The kid smiles and says, ”I would be a bus driver

What does economist do? (joke)

Posted: November 22, 2013 in Uncategorized

An economist, a philosopher, a biologist, and an architect were arguing about what was God’s real profession. The philosopher said, “Well, first and foremost, God is a philosopher because he created the principles by which man is to live.” “Ridiculous!” said the biologist “Before that, God created man and woman and all living things so clearly he was a biologist.”

“Wrong,” said the architect. “Before that, he created the heavens and the earth. Before the earth, there was only complete confusion and chaos!” “Well,” said the economist, “where do you think the chaos came from?”
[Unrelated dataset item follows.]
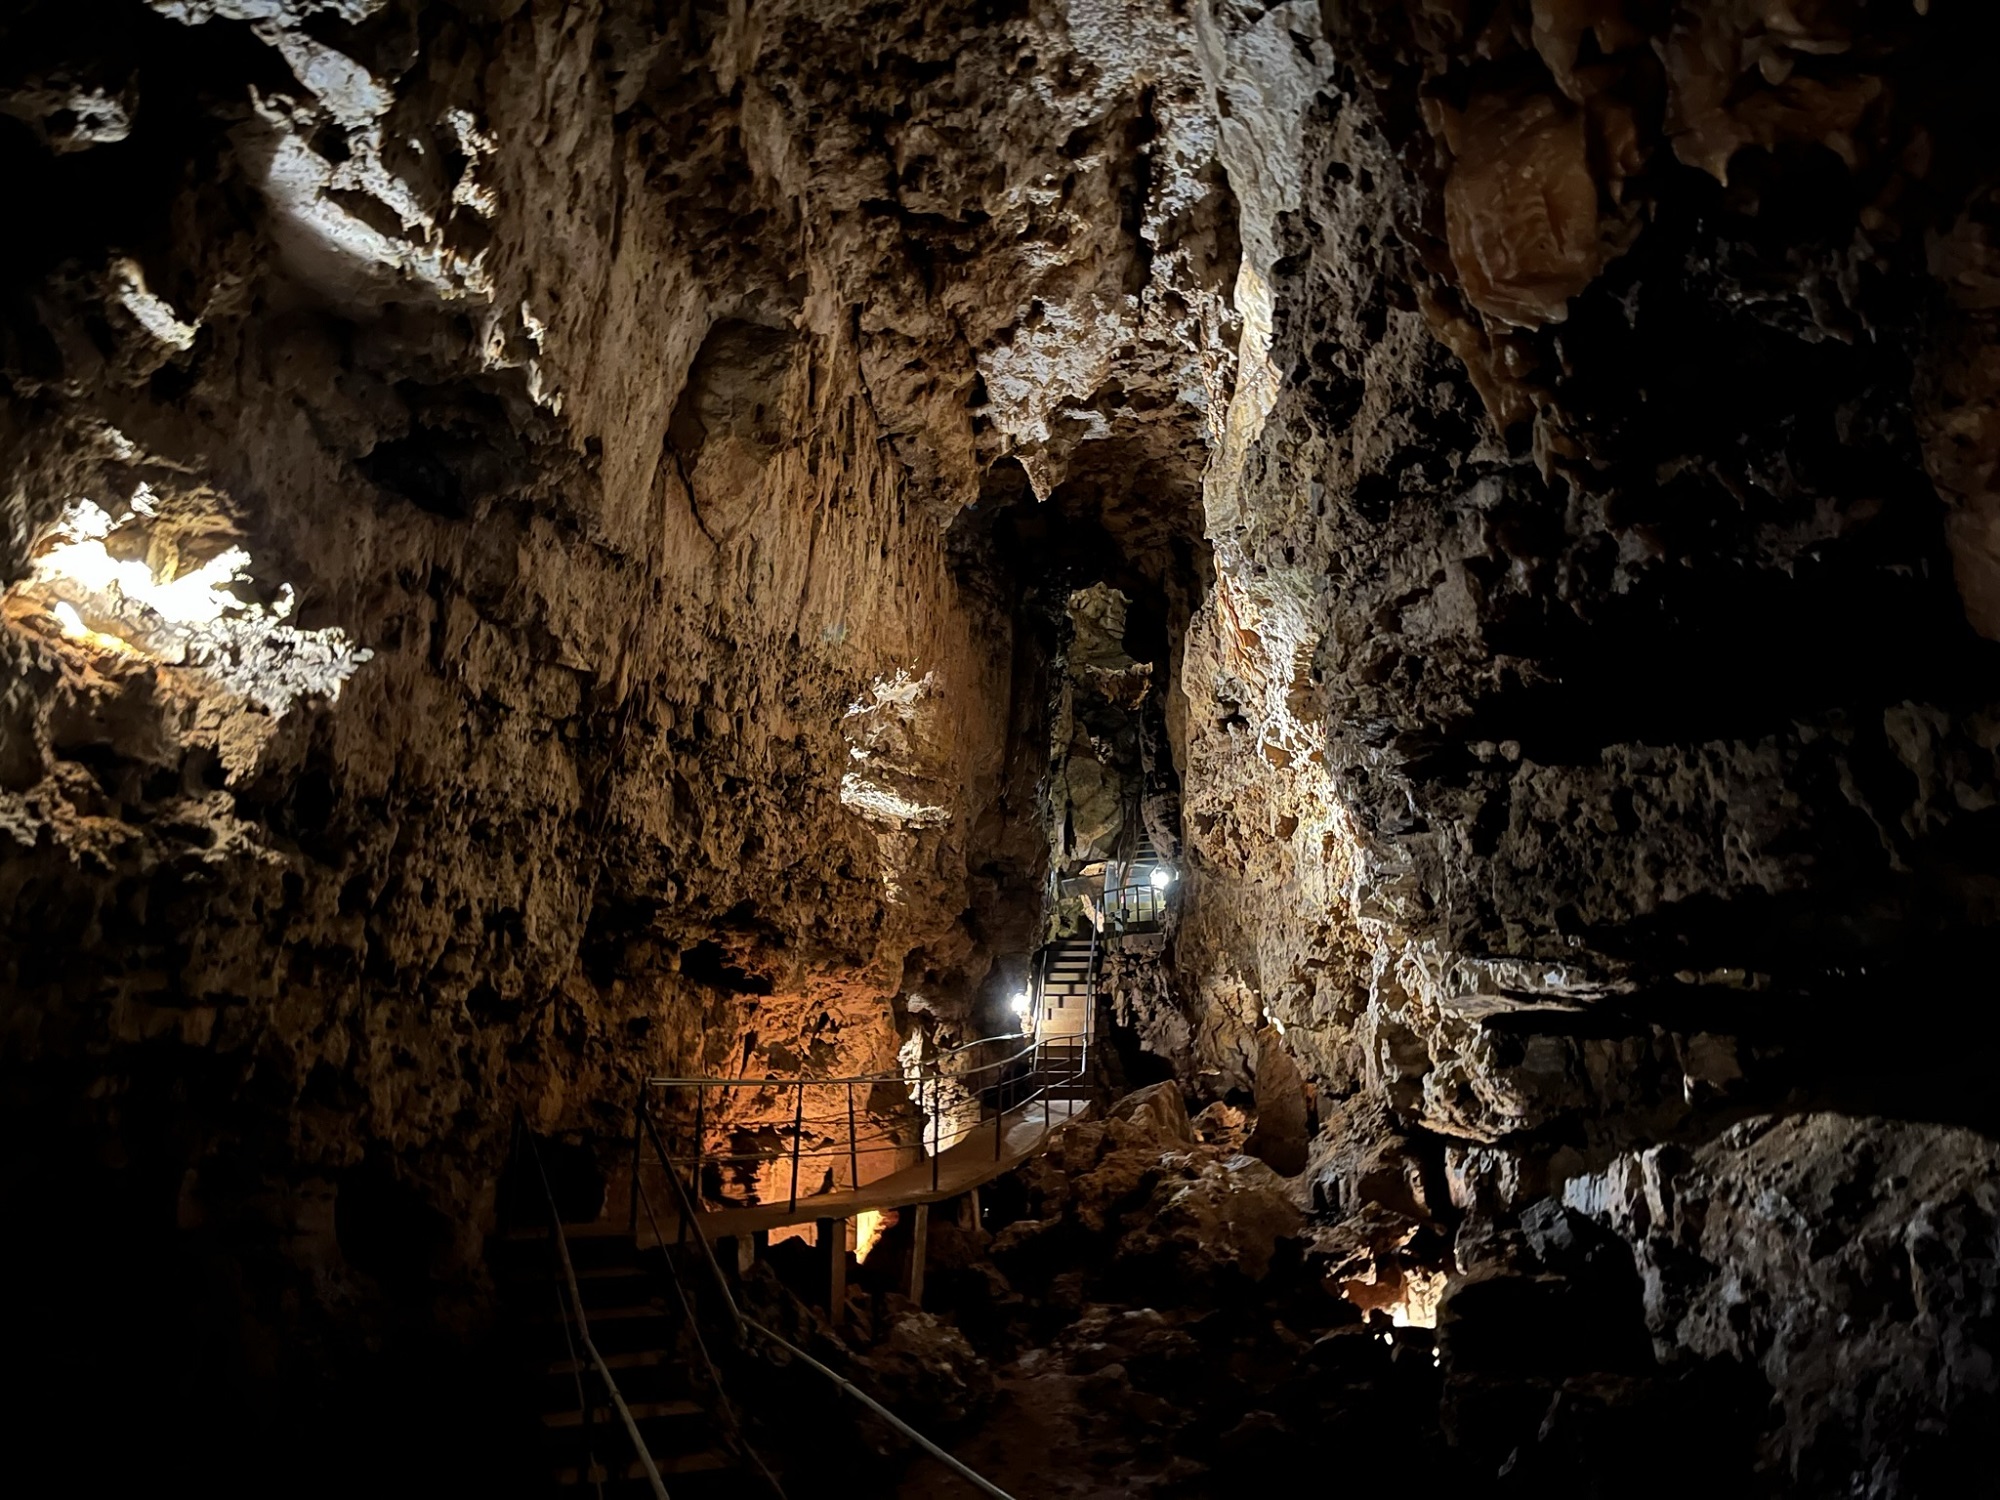 The Cathedral Room of Kickapoo Caverns attracted tourists for decades, with couples even having wedding ceremonies in the cave. The cave system is now protected by Mississippi Valley Conservancy as a habitat for hibernating bats. (Hope Kirwan/WPR)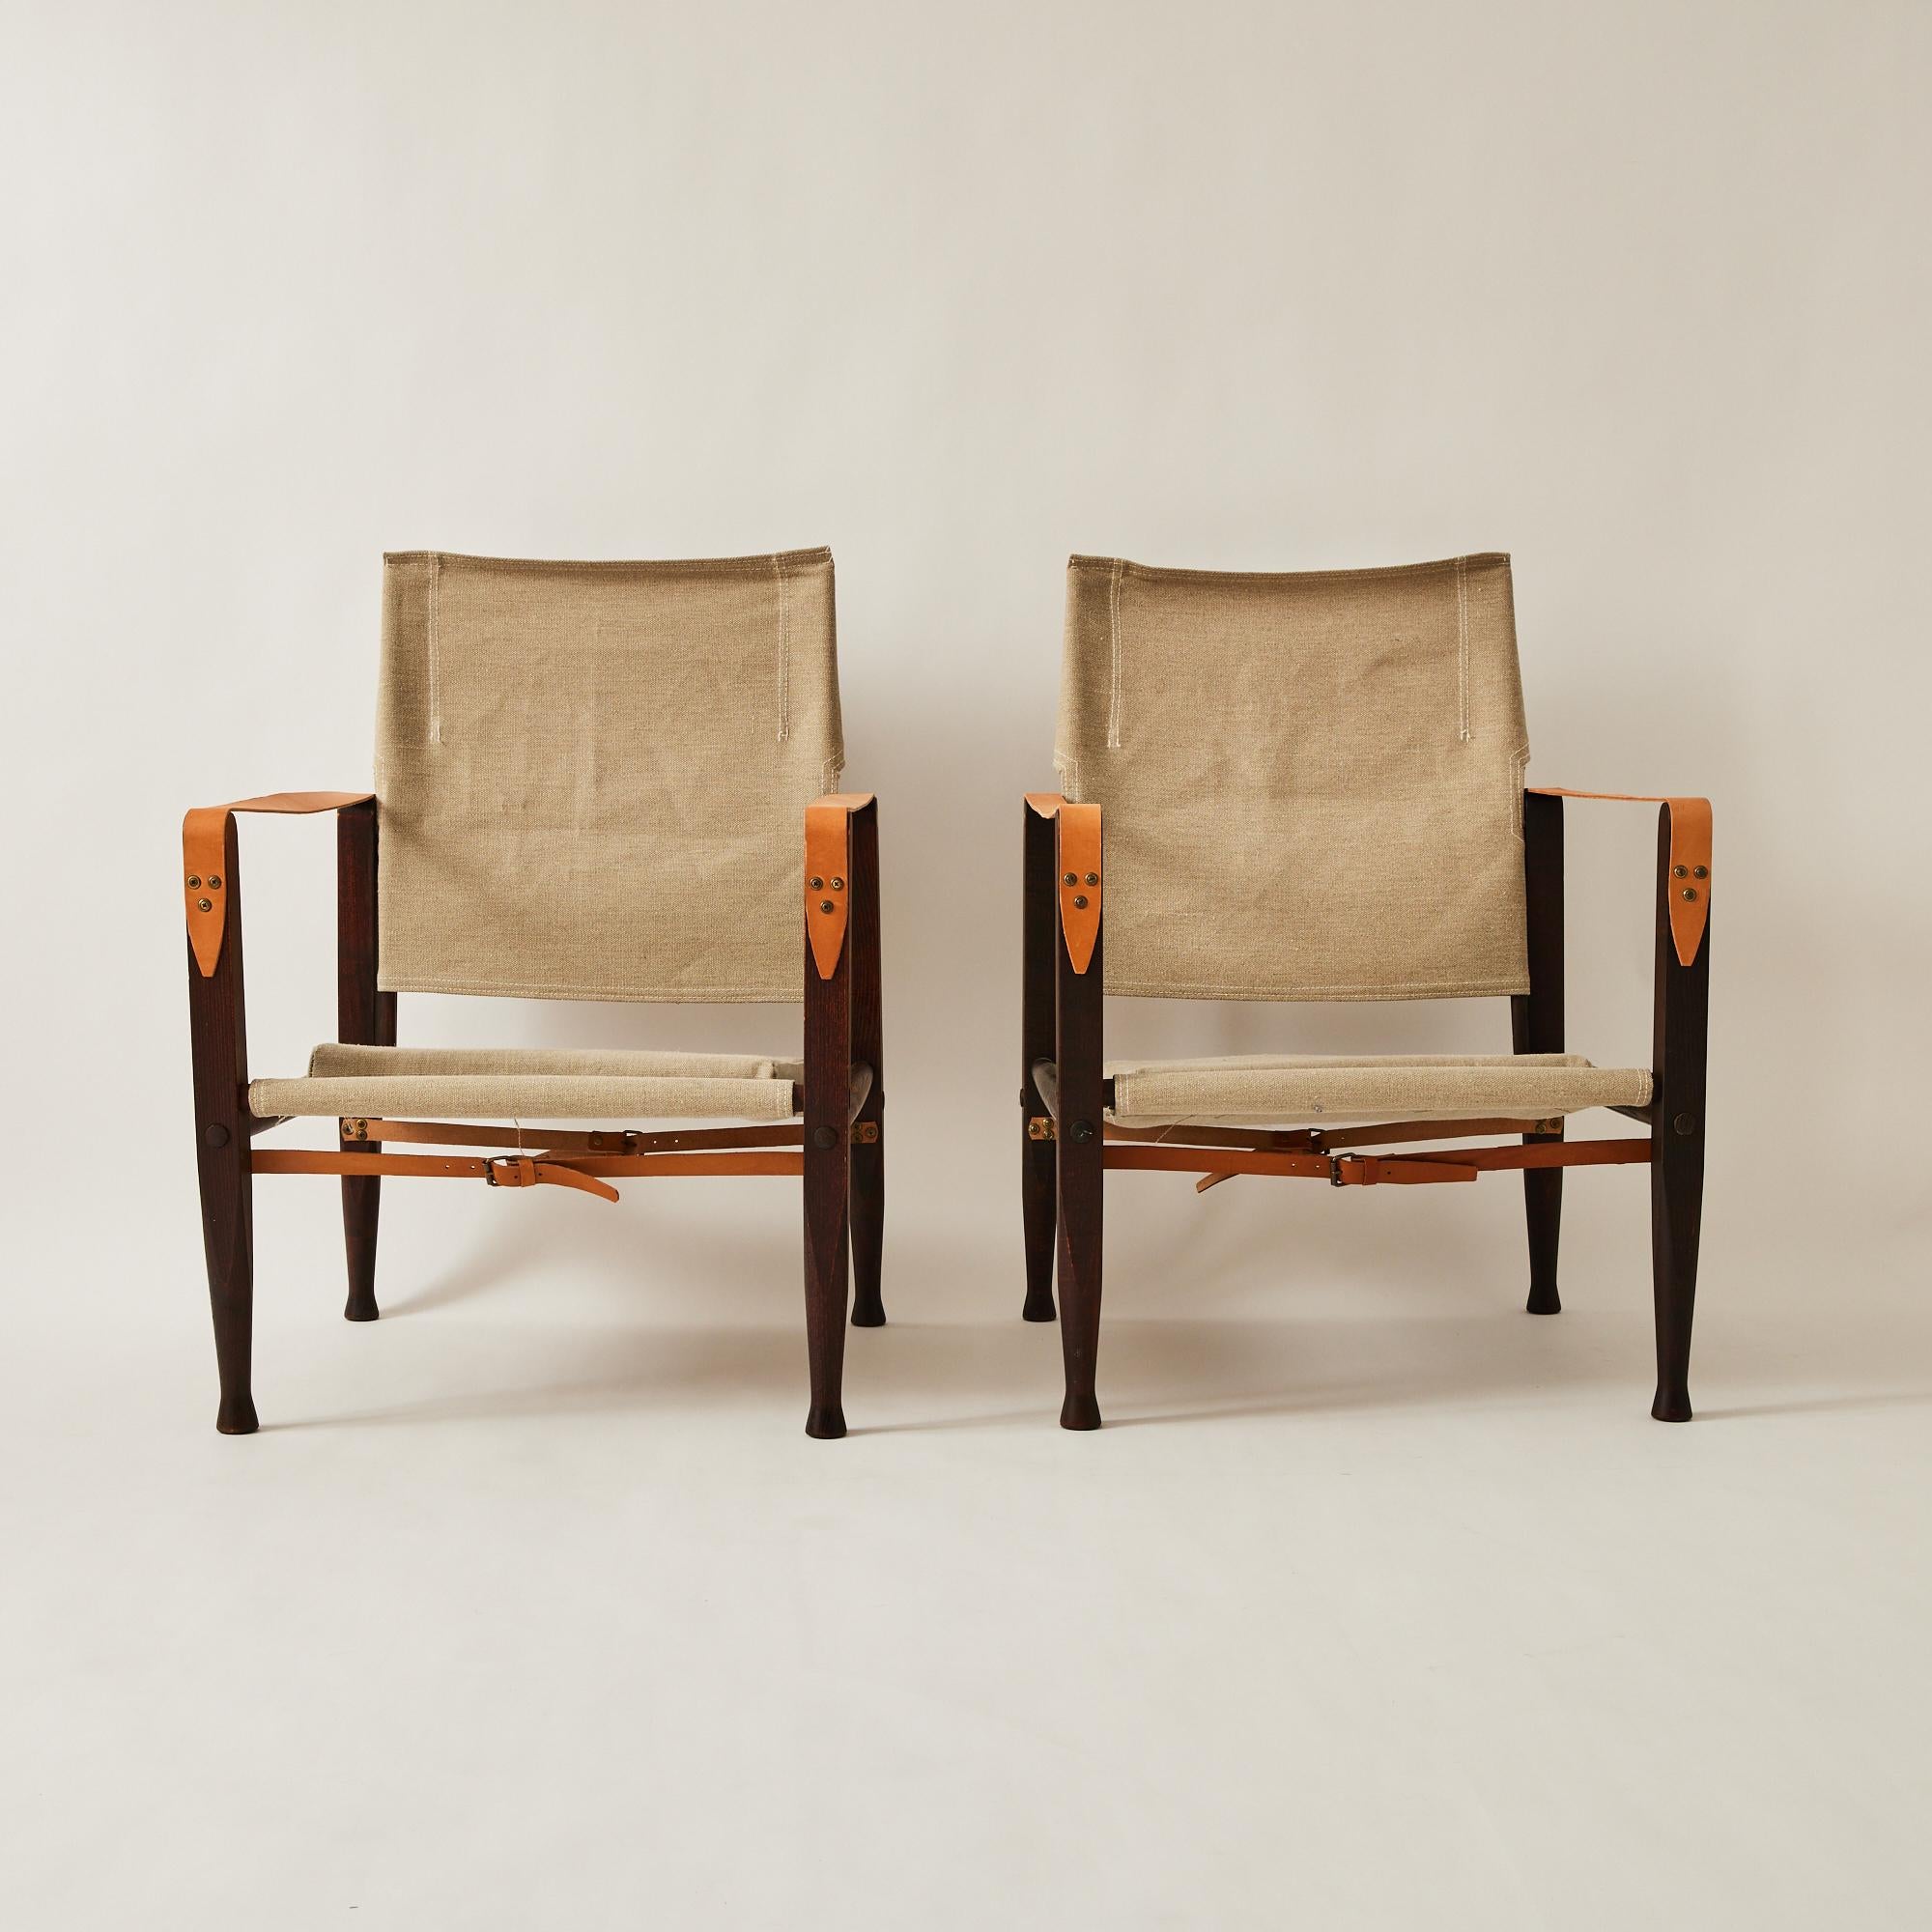 These Safari chairs were designed by Danish designer Kaare Klint who is known as the father of Danish modernism. They were designed in the 1930s and manufactured by Rud Rasmussen in the 1960's. Klint was inspired by images of the Roorkhee chair

The Talking parrots (joke)

Posted: November 22, 2013 in Uncategorized

A lady approaches her priest and tells him “Father, I have a problem. I have two female talking parrots, but they only know how to say one thing.”
“What do they say?” the priest inquired.
“They only know how to say, ‘Hi, we’re prostitutes. Want to have some fun?’”
“That’s terrible!” the priest exclaimed, “but I have a solution to your problem. Bring your two female parrots over to my house and I will put them with my two male talking parrots whom I taught to pray and read the bible. My parrots will teach your parrots to stop saying that terrible phrase and your female parrots will learn the joys of praise and worship.”
“Thank you!” the woman responded.
The next day the woman brings her female parrots to the priest’s house. His two male parrots are holding the rosary beads and praying in their cage. The lady puts her two female parrots in with the male parrots and the female parrots say “Hi we’re prostitutes, want to have some fun?”
One male parrot looks over at the other male parrot and exclaims, “Put the beads away, brother. Our prayers have been answered!”

10ish (joke)

Posted: November 22, 2013 in Uncategorized

Sean Connery has fallen on hard times. All work has dried up and he’s just sat at home twiddling his thumbs.
Suddenly the phone rings and Sean answers it. It’s his agent and Sean gets very excited.
The agent says, “Sean, I’ve got a job for you. Starts tomorrow, but you’ve got to get there for 10ish.”
Sean frowns and replies, “10ish? But I haven’t even got a racket”.